A second assumption is that justifying faith is not only a trusting in the past grace of God, but also a trusting in the future grace of God, secured by the past grace of Christ’s death and resurrection…(p. 27)

No one can become a Christian without past grace. And no one can be a Christian moment by moment without future grace. Our standing as Christians is as secure as God’s supply of future grace…(p. 67)

In another chapter, A Love Affair with God’s Law, (close your ears all you antinomians) Piper demonstrates how the prophets of the Bible loved God’s Law and expected grace from His Law. He quotes passages such as Psalm 119: 47, 48, and 127. He goes on to say the following within this chapter:

The commandments of the Law are woven together with the threads of grace - past grace,  future grace,  forgiving grace and empowering grace…(p. 144)
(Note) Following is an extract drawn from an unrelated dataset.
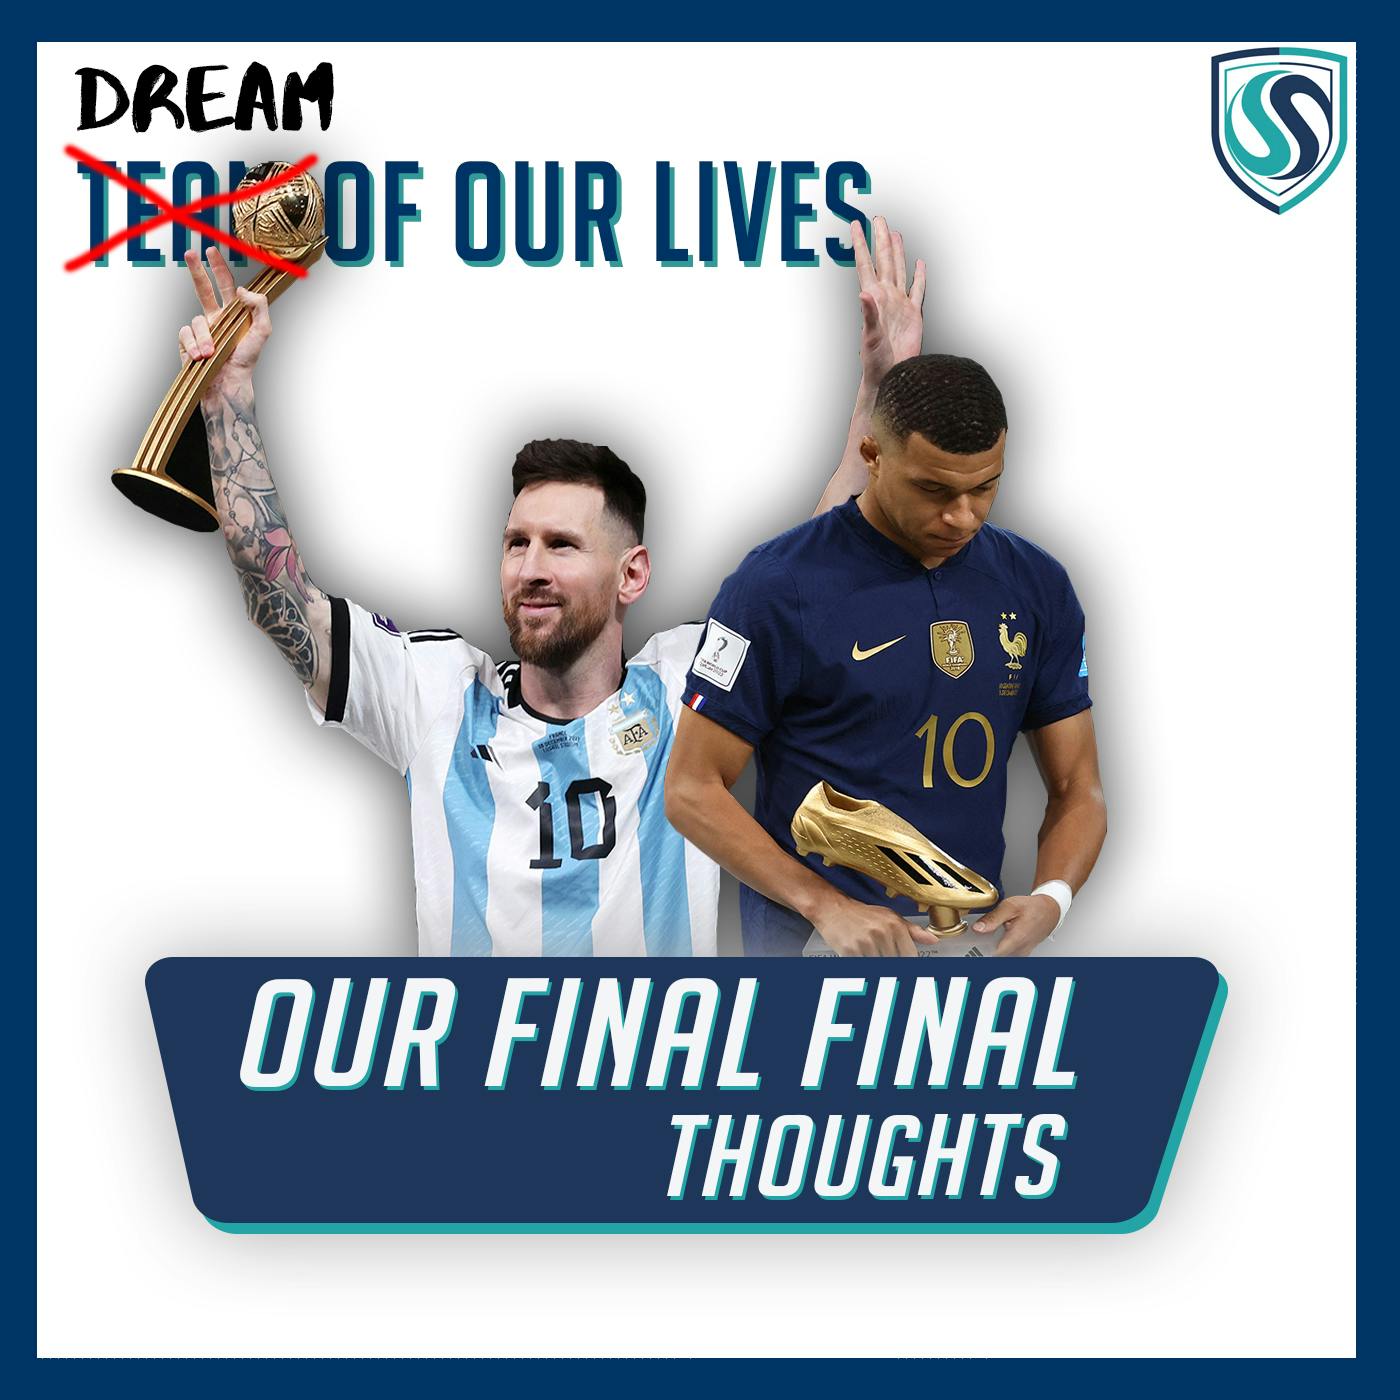 Dream of our Lives: Our Final, Final Thoughts!

[All Kline fans, turn away during this one] What brought a person to ruin in the Old Testament was not the failure to have the righteousness of sinless perfection. Rather the ruin was caused by the failure to be righteous, first, in the sense that Abraham was “reckoned righteous” by faith in future grace; and second, in the sense of habitual (though not perfect) obedience to God which was rooted in an abiding (though not perfect) faith in his future grace. Imperfection would be forgiven; but impenitent, habitual, distrusting disobedience would not.

It is terribly confusing when people say that the only righteousness that has any value is the imputed righteousness of Christ. I agree that justification is not grounded on any of our righteousness, but only the righteousness of of Christ imputed to us. But sometimes people are careless and speak despairingly of all human righteousness, as if there were no such thing that pleased God. They often cite Isaiah 64:6 which says our righteousness is as filthy rags…But that does not mean that God does not produce in those “justified” people (before and after the cross) an experiential righteousness that not “filthy rags”…(p. 151) [the term "filthy rags" is tantamount to worthlessness in many circles today. This denies sanctification all together]

Piper goes on in other chapters to demonstrate the value of God’s Law and how the law involves love rather than just condemnation as many teach. Here are a few more quotes to drive home Piper’s teaching on justification:

One of the most important implications of this conclusion is that the faith that justifies and the faith the sanctifies are not two different kinds of faith. “Sanctify” simply means to make holy, or to transform into Christlikeness…For faith is the act of the soul that connects with grace, and it receives it, and channels it as the power of obedience, and guards it from being nullified through human boasting…(p. 193)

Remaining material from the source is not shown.